In addition to carbon, peat takes into it heavy metals, which are present in greater quantity as a result of extractive activity that released and deposited it, particularly during the last half-century. This deposition is legible in peat profiles, which contain an archive of changes, evidencing environments in flux. Pollen, plant waxes, and isotopes are studied to mark strata. When peatlands leak through fire or erosion, the peat cannot be read as an archive in the same way any longer; the archive becomes an "unstable repository" (g) owing to the fact that the metals and carbon are not fully encased in it. Molecules are released by fire into our "turbulent medium" of atmosphere (h) and wear down and wash out to sea.
With climate change driving fire and melting at a global scale, there is a demand for new archives—both to be able to sequester carbon for mitigating climate change and also to be able to continually situate homo sapiens stratigraphically. Part of sequestering carbon, or balancing the carbon budget, is the location of ‘clandestine’ carbon reserves. The Atlantic Coastal Plain is known as a "hot spot" for soil carbon storage for its very deep organic carbon-rich subsoil, and a billion tons were until recently unaccounted for due to an underestimation of the impact of soil carbon on the part of Earth Sciences. (i) Scientist Claire Treat says peat burial "is basically like a leak in what we usually consider a closed system of how carbon moves around the earth, from the atmosphere to the land and oceans." (j)
The trouble with managing carbon stores and releases to stabilize atmospheric greenhouse gases is the underlying logic of calculation, which minimizes complexity in favor of fixing the planet as an object of analysis. Scholar and investigator Jennifer Gabrys contends, "What is missing in sinks is not just the supposed locations of carbon storage, but also the complex and transformative dynamics of the natural-cultural constitution of sinks". (k) In the article "Becoming Planetary," Gabrys wonders what stabilizing the earth would necessitate such that human civilization, in all its destructiveness, is sustained, and questions: "What other planet-human configurations might be proposed such that human 'civilization' is not a project of stabilizing the planet, but rather of re-imagining the human and the planetary as praxis?" (l)

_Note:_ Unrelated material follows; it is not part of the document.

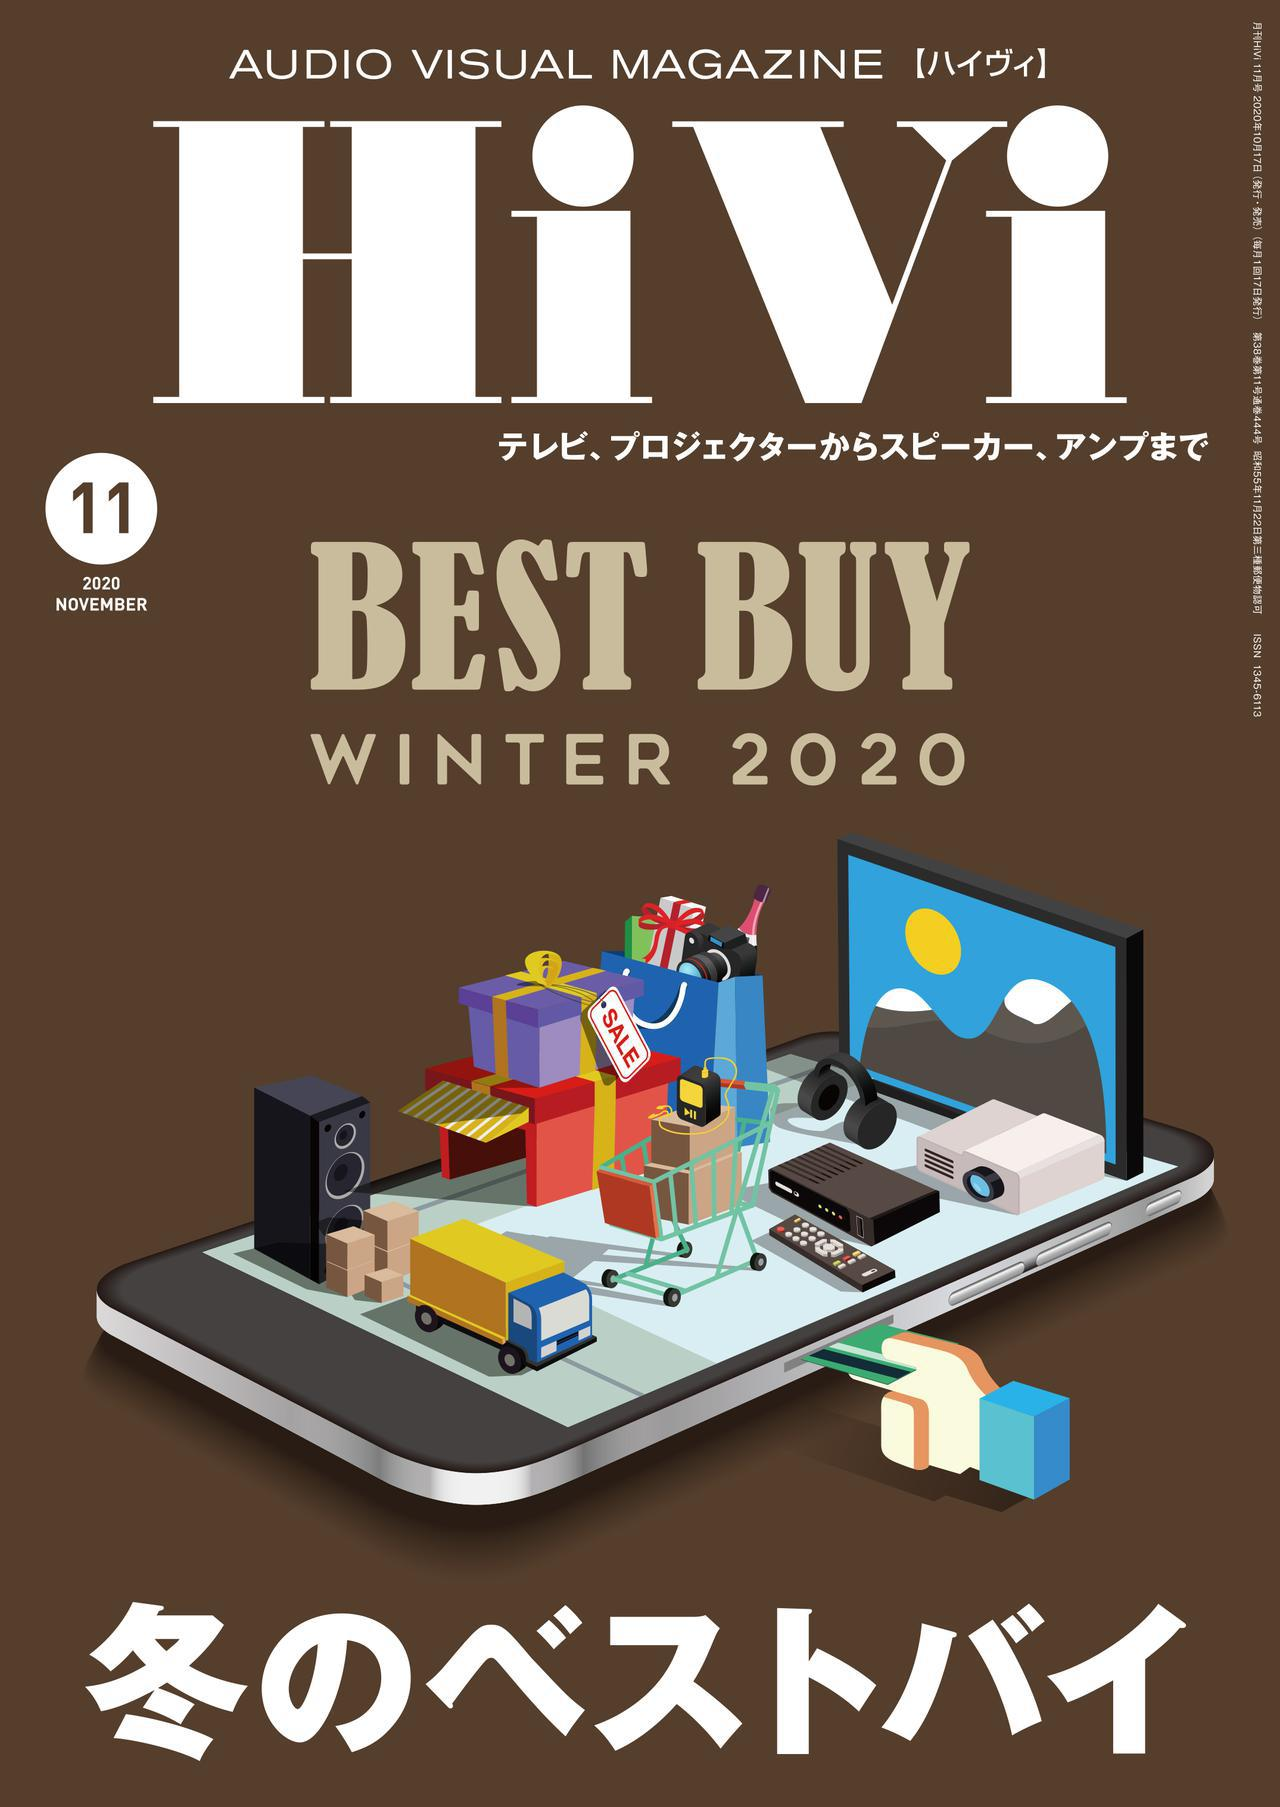 画像: 「冬のベストバイ」掲載、HiVi11月号は10月17日発売

Whether leakage is considered to be the absence or slowing of elemental cycling (as Claire Treat is quoted above) or to be its acceleration, environmental and climate justice will not be achieved through implementing an accounting approach to reach a state of balance. Alternately, I take up a question Gabrys posed to me in 2020: "What does it mean to engage with environments and materialities that could spark effects and events that don’t perform as we expect them to?" Answering this question instead of questions as to the locations and amounts of carbon marks an epistemological shift toward nuanced interactions and reemergences. Peatland was held to be wasteland, then a land of ecosystem services. It must be allowed to be processual.